Department of Anesthesiology, Hubei Provincial Corps Hospital, Chinese People's Armed Police Forces, Hubei 430061, People's Republic of China,tongjch{at}gmail.com

Shang-Long Yao

Department of Anesthesiology,Union Hospital,Tongji Medical College, Huazhong University of Science and Technology, Wuhan 430030, People's Republic of China,

The current progression in tissue engineering and local gene delivery systems has enhanced applications for cartilage tissue engineering.
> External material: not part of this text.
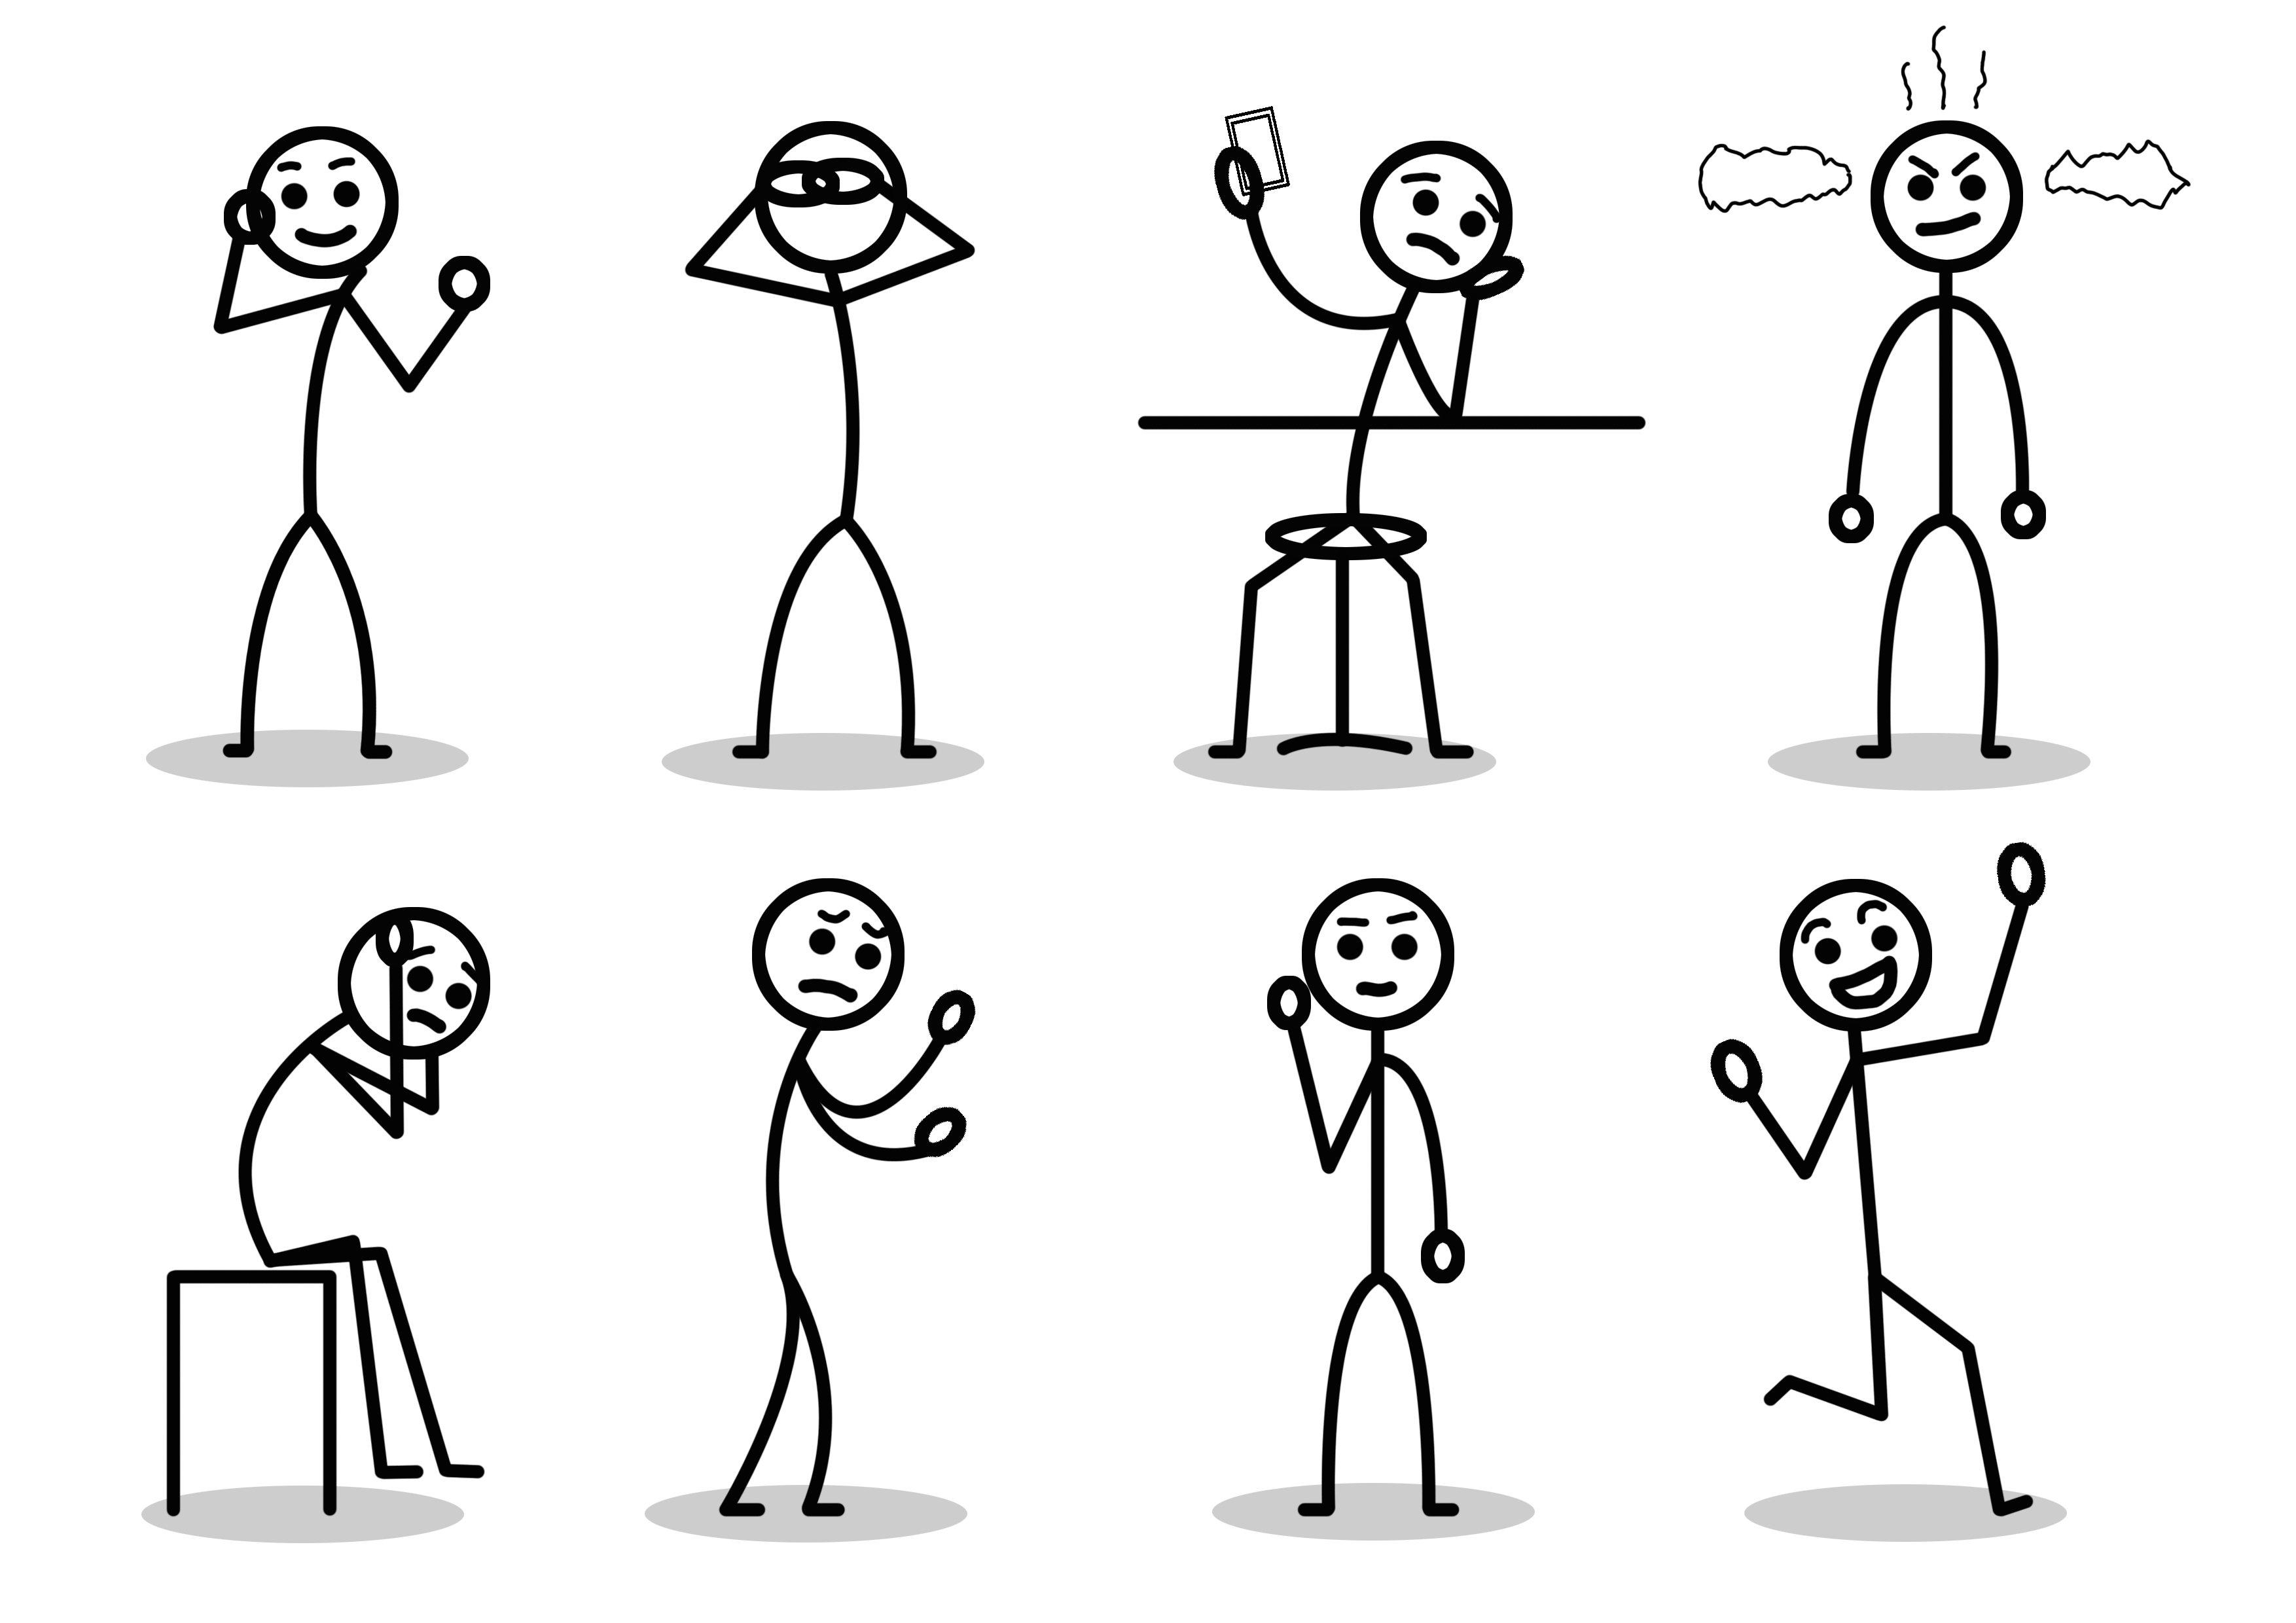 Draw a high quality and unique stickman stick figure clipart by Ryant92

In this study, porous chitosan/collagen scaffolds were prepared through a freeze-drying process and loaded with plasmid encoding human transforming growth factor-ß1 (TGFß1). Human bone marrow stem cells were seeded in this scaffold, and gene transfection was traced by enhanced green fluorescent protein (EGFP). The expression of type II collagen and aggrecan was detected with reverse transcription-polymerase chain reaction, and cell proliferation was measured every day for six days using the 3-(4,5-dimethylthiazol-2-yl)-2,5-diphenyltetrazoliumbromide assay. The pore diameter of the gene-combined scaffolds was lower than that of the pure chitosan/collagen scaffold. The scaffold containing TGFß1 plasmid exhibited the highest proliferation rate, and the expression of type II collagen and aggrecan was upregulated in the pEGFP-TGFß1 scaffold. The potential for chitosan/collagen scaffold combined with pEGFP-TGFß1 as a substrate candidate in cartilage tissue engineering has been investigated.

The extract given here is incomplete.